[WORK REQUEST] Nothing but the text should be carried over: reproduce all the data exactly and leave out every image.

[SUPPLIED DATA]
################

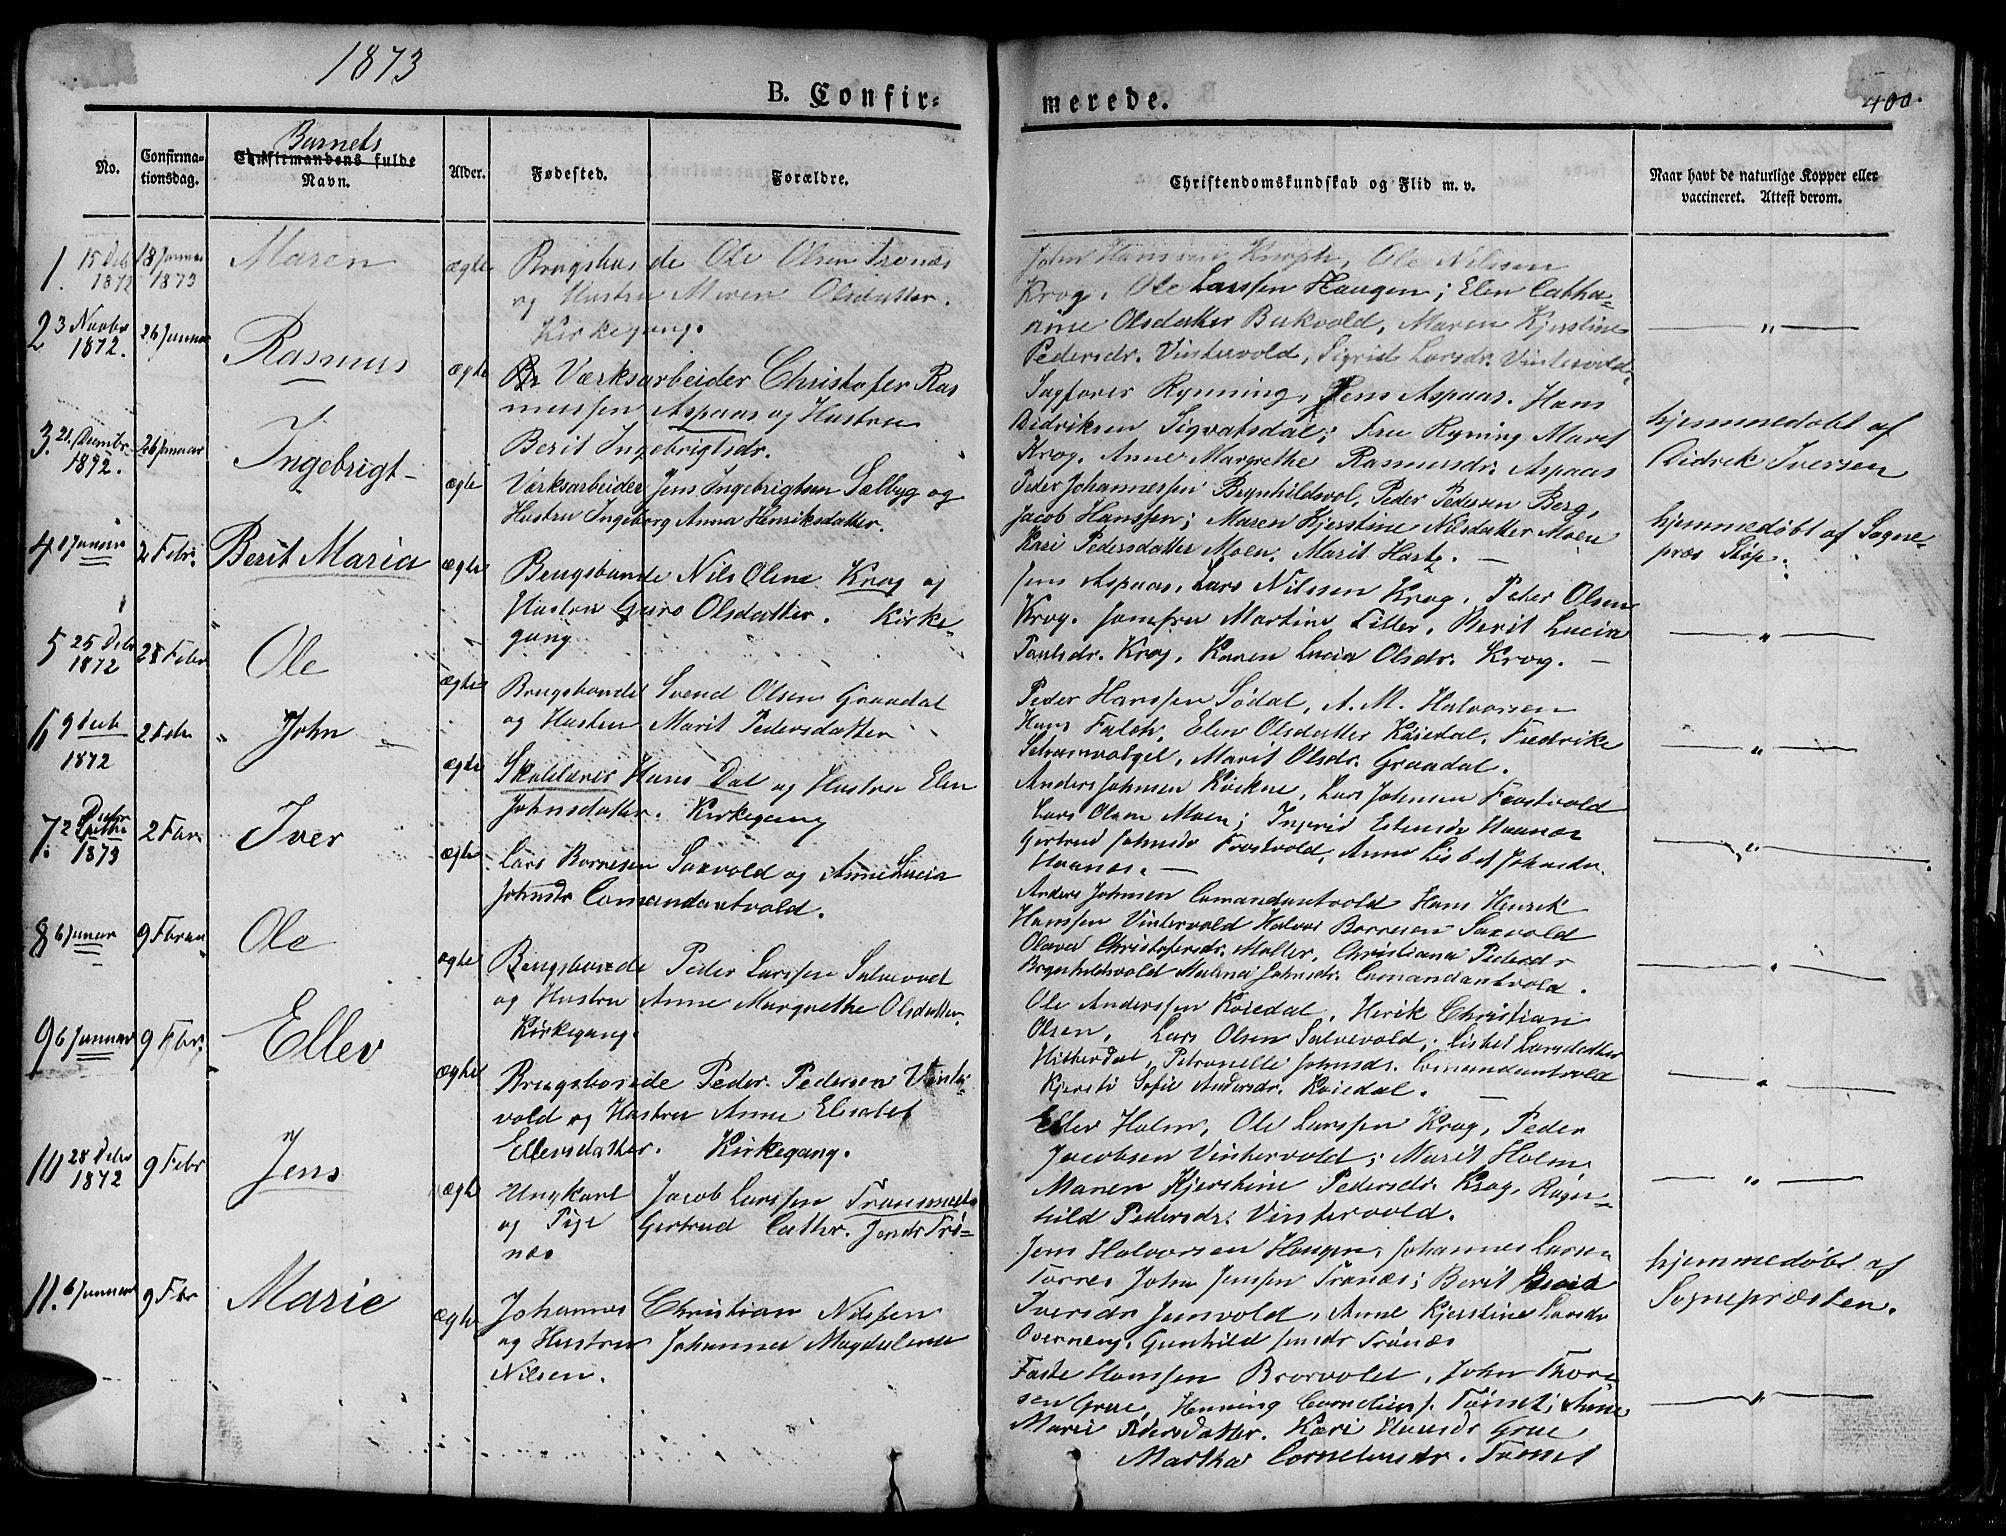 SAT, Ministerialprotokoller, klokkerbøker og fødselsregistre - Sør-Trøndelag, 681/L0938: Klokkerbok nr. 681C02, 1829-1879, s. 400
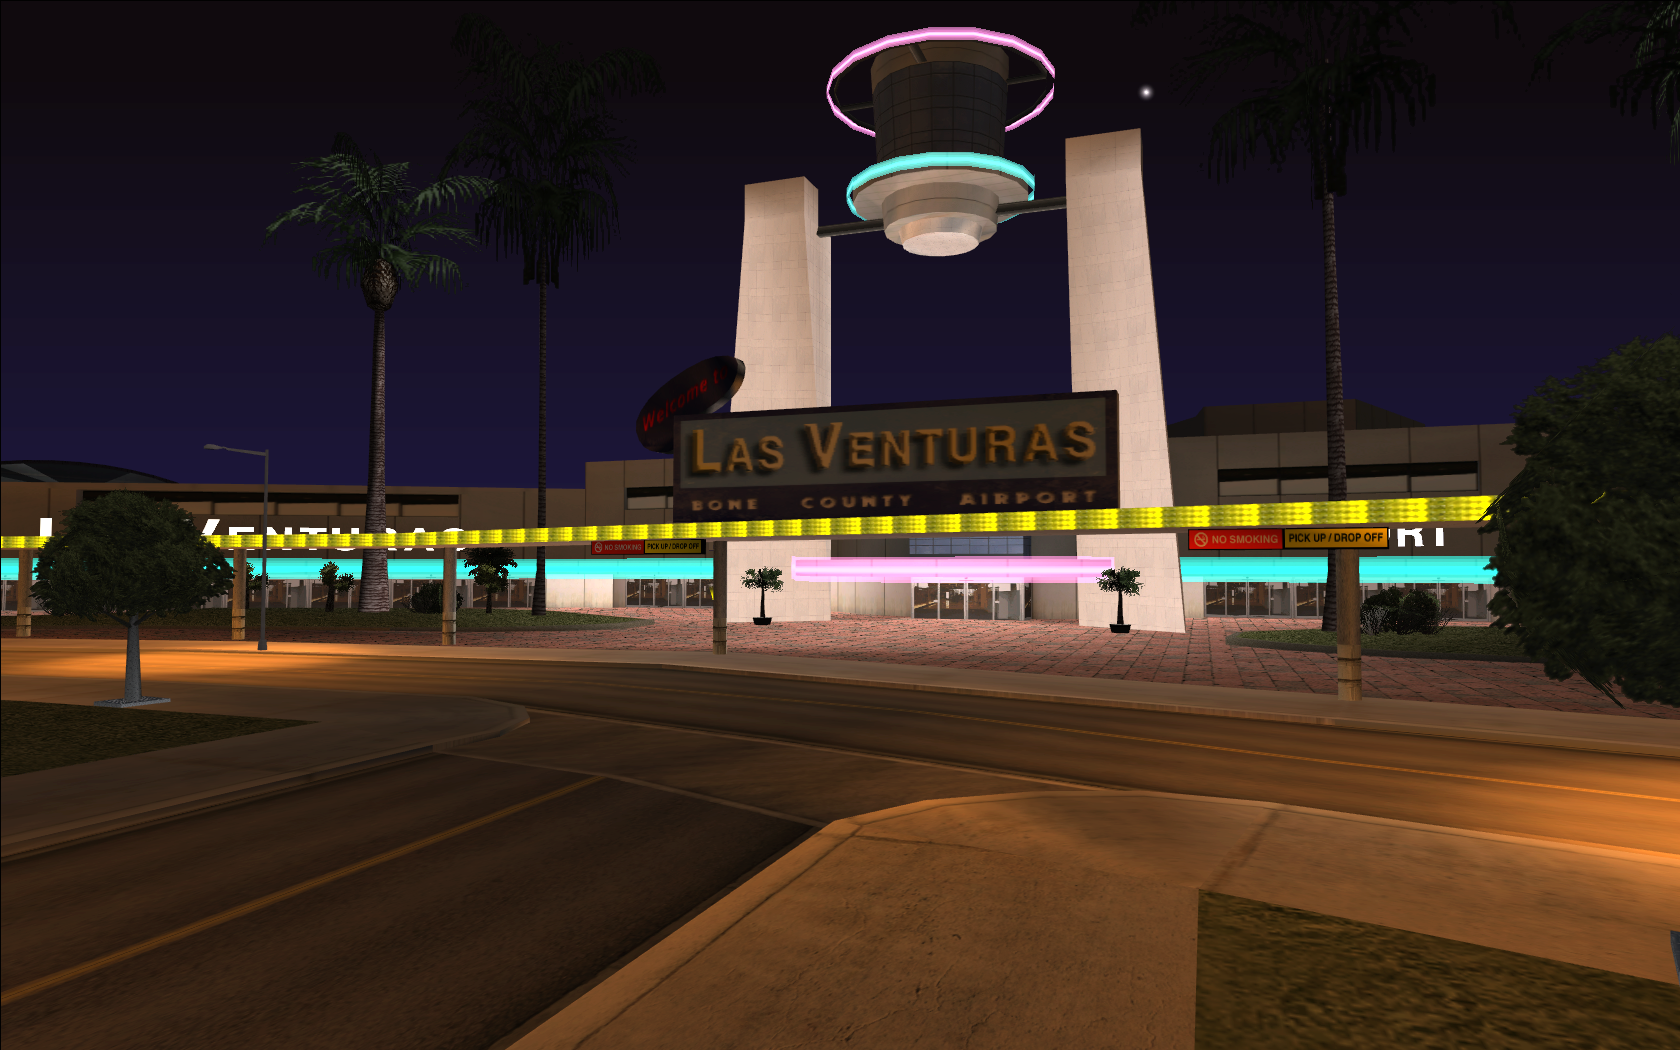 Aeropuerto de Las Venturas en GTA San Andreas
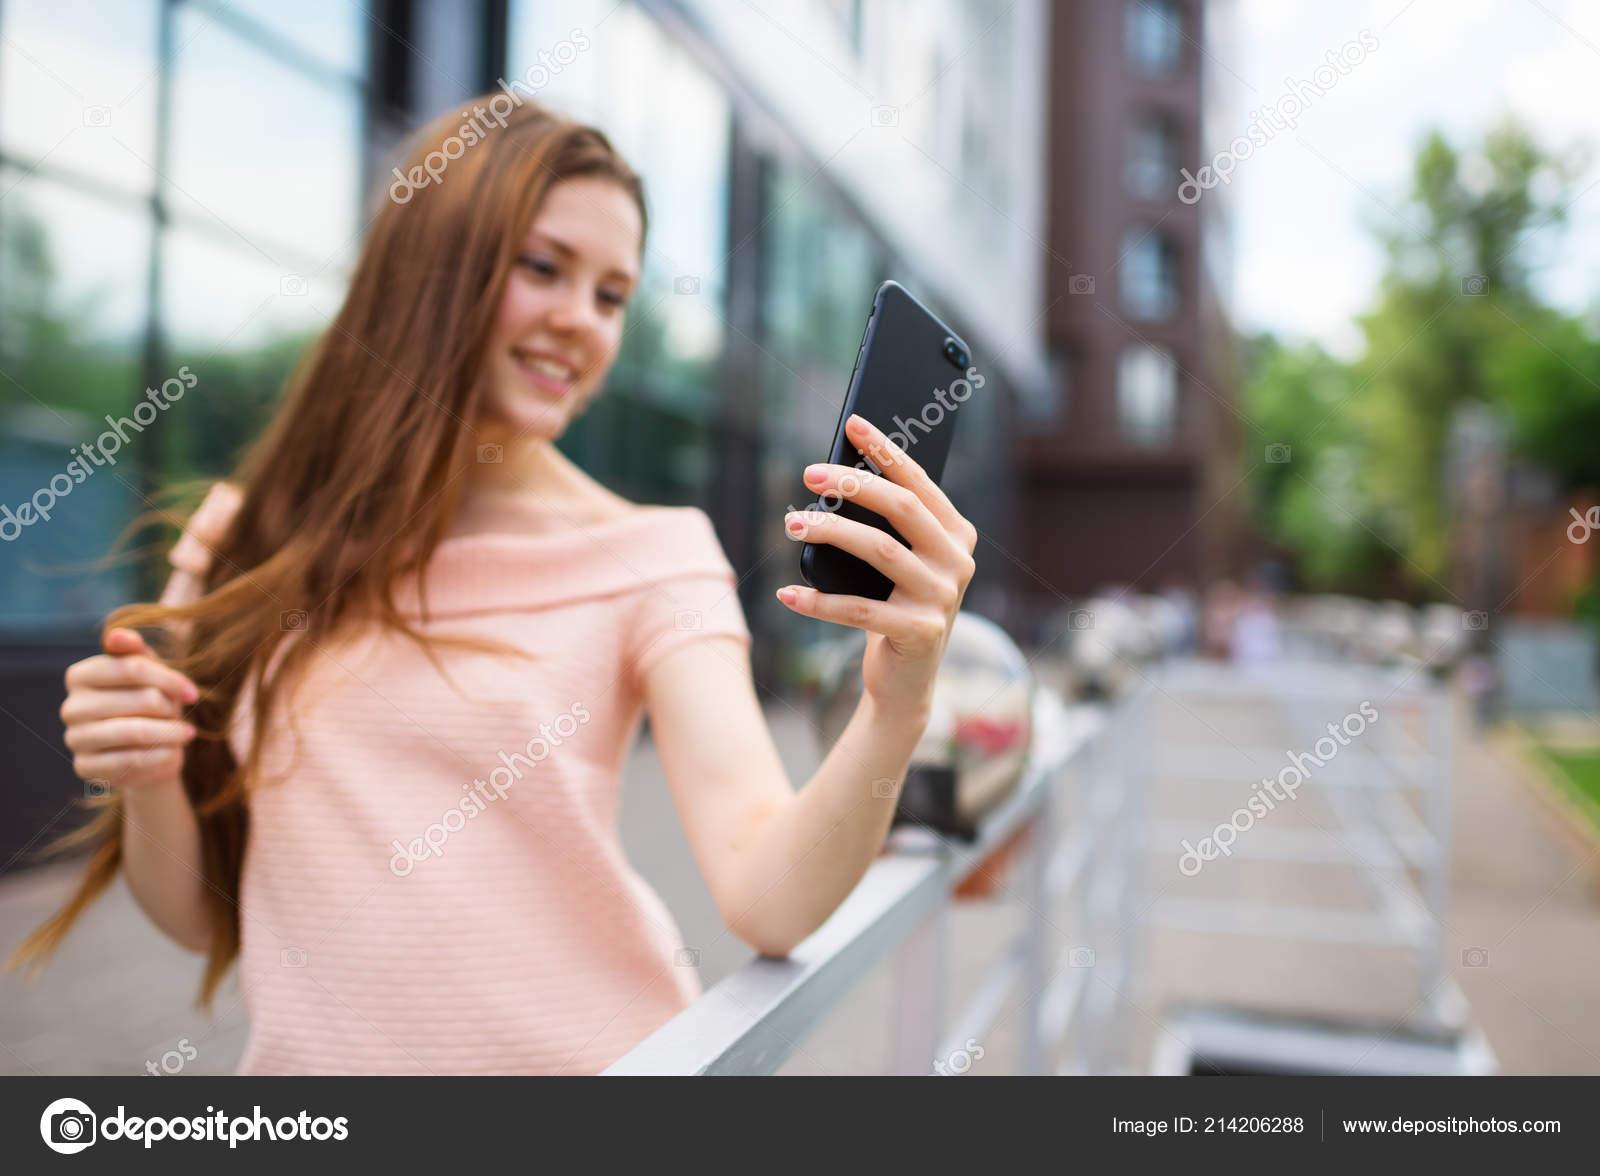 Teen girl selfie shot

################

[SOLUTION FOR THIS EXERCISE]
 SAT, Ministerialprotokoller, klokkerbøker og fødselsregistre - Sør-Trøndelag, 681/L0938: Klokkerbok nr. 681C02, 1829-1879, s. 400
 Aeropuerto de Las Venturas en GTA San Andreas
 Teen girl selfie shot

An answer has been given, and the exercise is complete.